Accounts of the nineteenth-century Irish potato famine, an earlier example of "resource decline," include little reference to violence (Woodham-Smith, 1962). But it was the "peace" established by the presence of the English army, as grain was being shipped out of Ireland, that made possible the "peaceful" starvation of millions of Irish. On the other hand, an Internet article written after the economic collapse of Argentina in 2001 includes many references such as the following:

By far, the most dangerous moment of the day, is when I (or my wife) leave/enter my house. A solid, secure house cannot be broken in easily, so criminals wait until you are standing on front of the door with the keys on your hand to jump on you. This is why we are extra alert when approaching our house, look all around us and if we see anything strange, keep walking around the block or keep on driving. No door is ever opened when there is a strange person around. (Fernando, 2005, October 21)

One reason why violence is unlikely to end is that it can be one of life's greatest pleasures. In "The Coming Anarchy" (1994, February), Kaplan refers us to an exclamation in André Malraux's Man's Fate: "Oh, what a relief to fight, to fight enemies who defend themselves, enemies who are awake!" Kaplan then quotes from Martin van Creveld's Transformation of War:

Just as it makes no sense to ask "why people eat" or "what they sleep for," so fighting in many ways is not a means but an end. Throughout history, for every person who has expressed his horror of war there is another who found in it the most marvelous of all the experiences that are vouchsafed to man, even to the point that he later spent a lifetime boring his descendants by recounting his exploits. (Kaplan, 1994, February)

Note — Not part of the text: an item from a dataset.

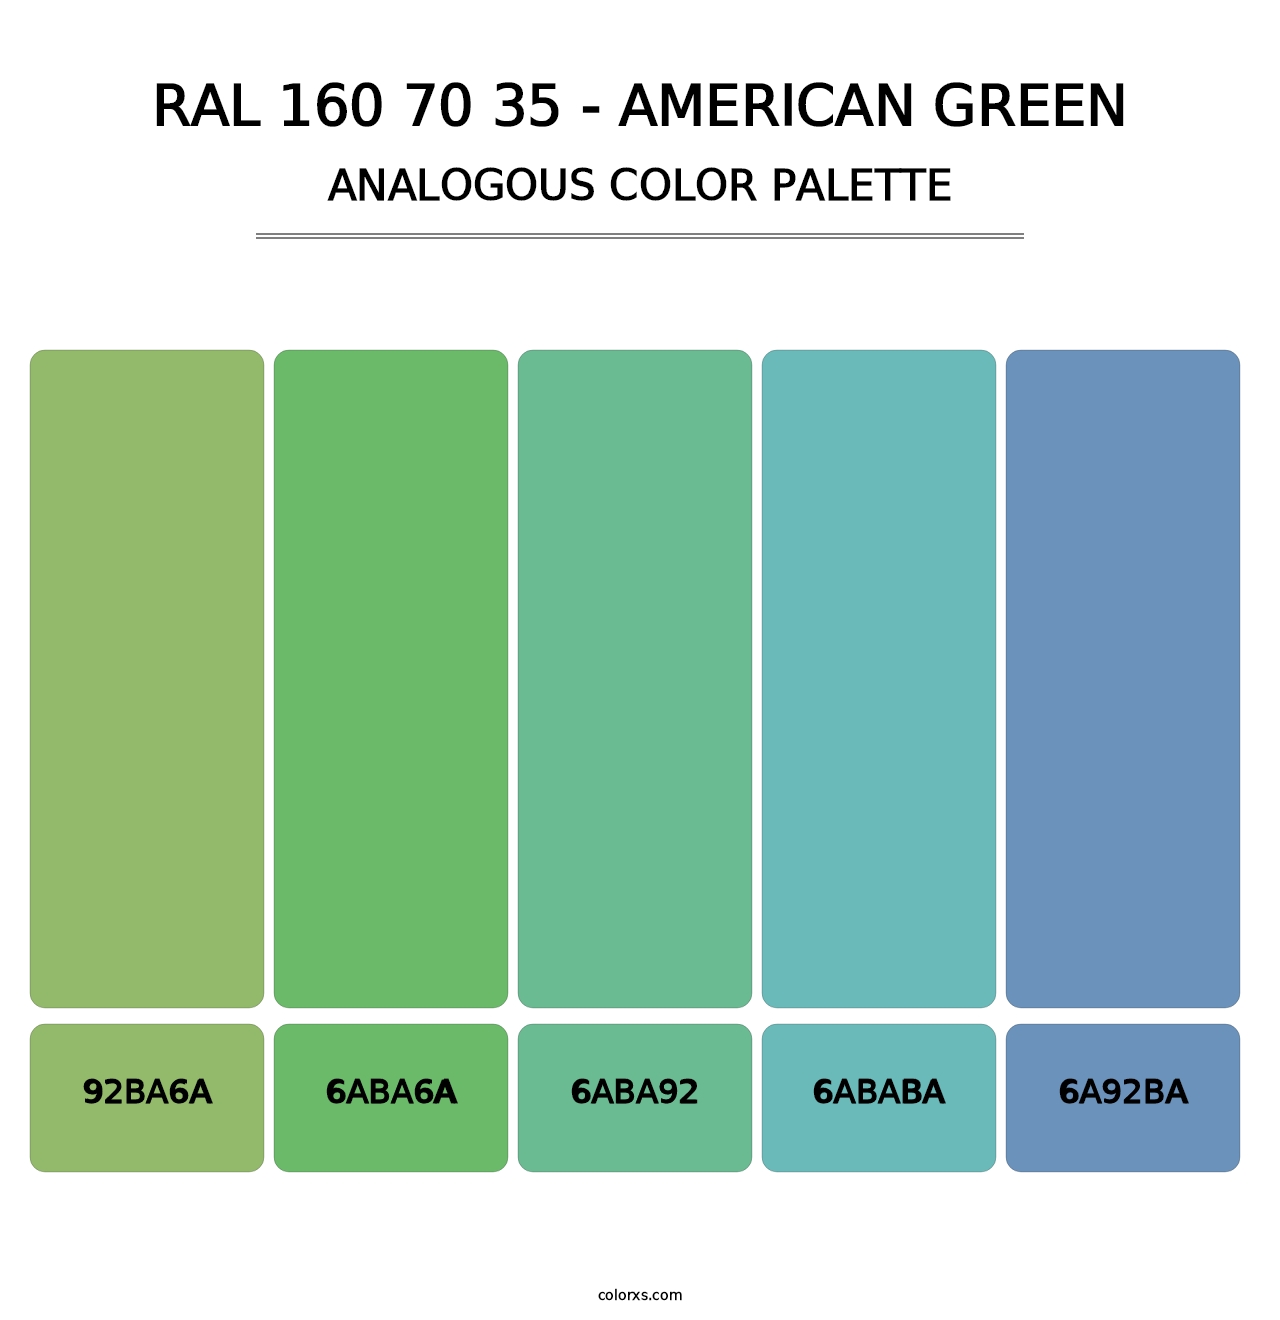 RAL 160 70 35 - American Green - Analogous Color Palette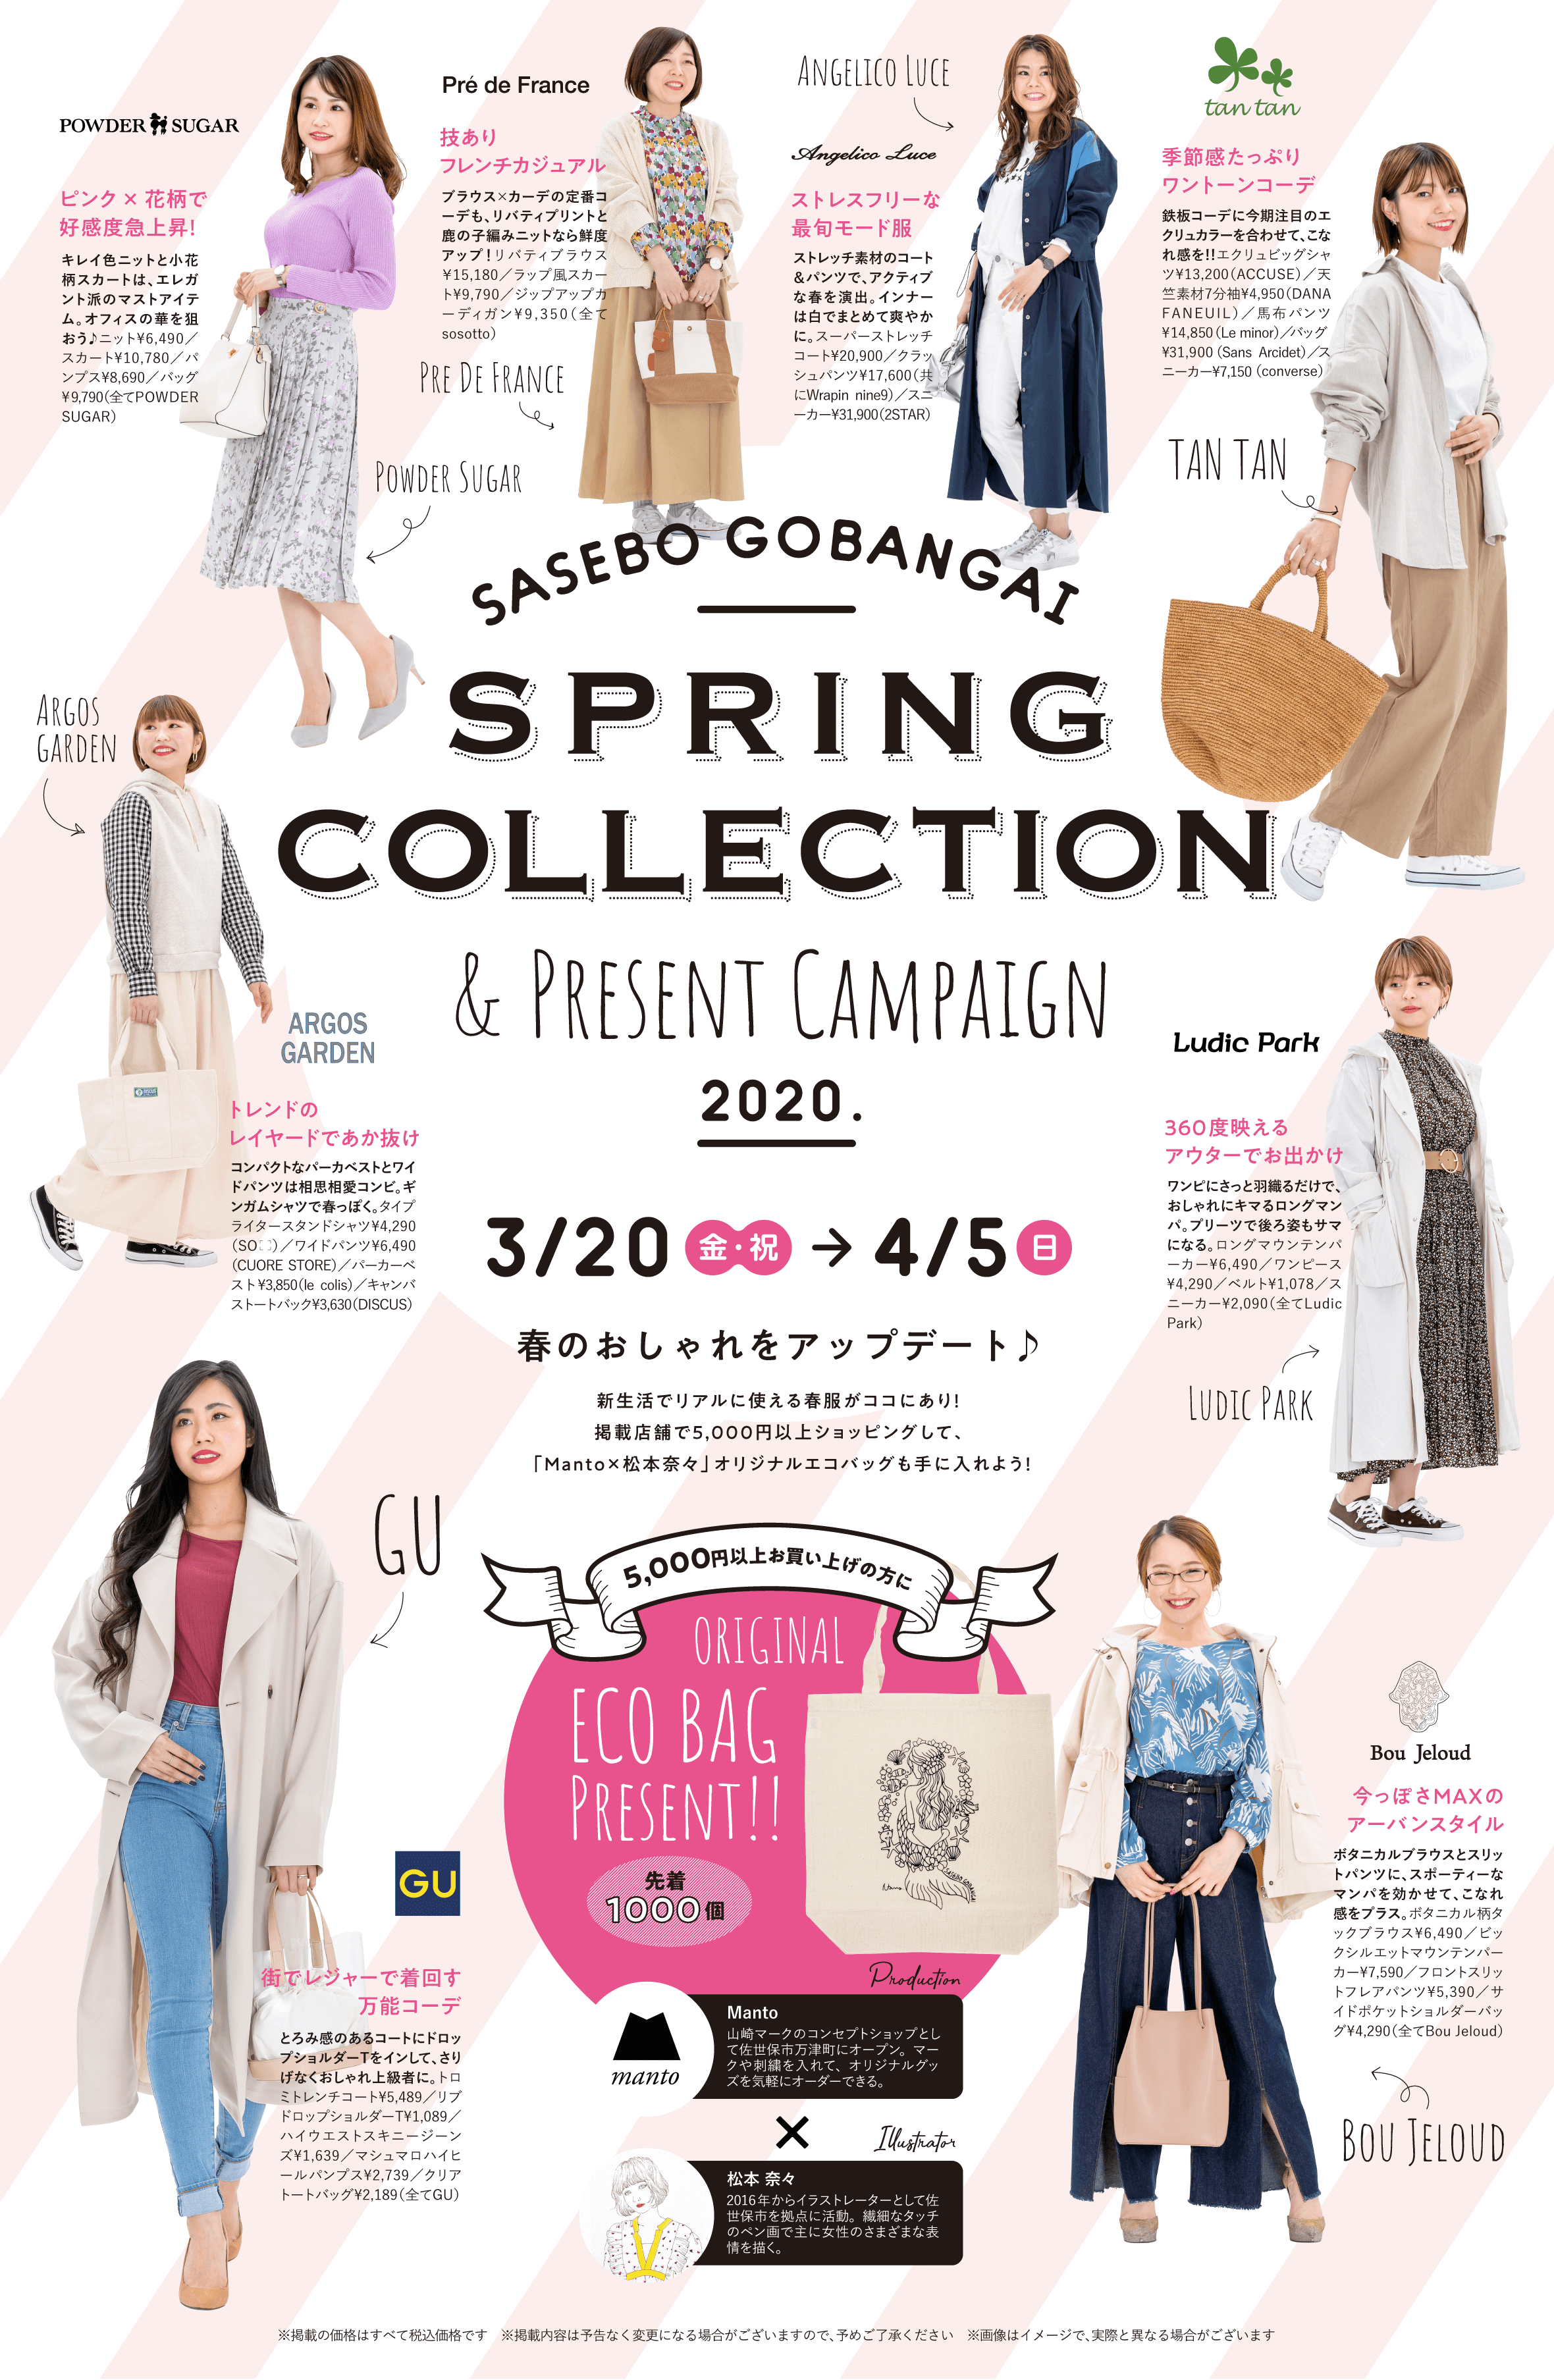 SPRING COLLECTION & PRESENT CAMPAIGN 3/20-4/5

An anonymous American police officer, in an essay entitled "The Thin Blue Line," offers a somewhat parallel comment about human nature:

There is one general rule to remember about all of humanity: it is at the core of our sinful nature to do that which is best for ourselves, regardless of what effect that may have on other people. We are a murderous and self seeking race. . . . So we must prepare ourselves spiritually and physically, with the assumption that we will soon be facing unimaginable evil, and it will be in the form of a human face. (Deputy W., 2009, January 9)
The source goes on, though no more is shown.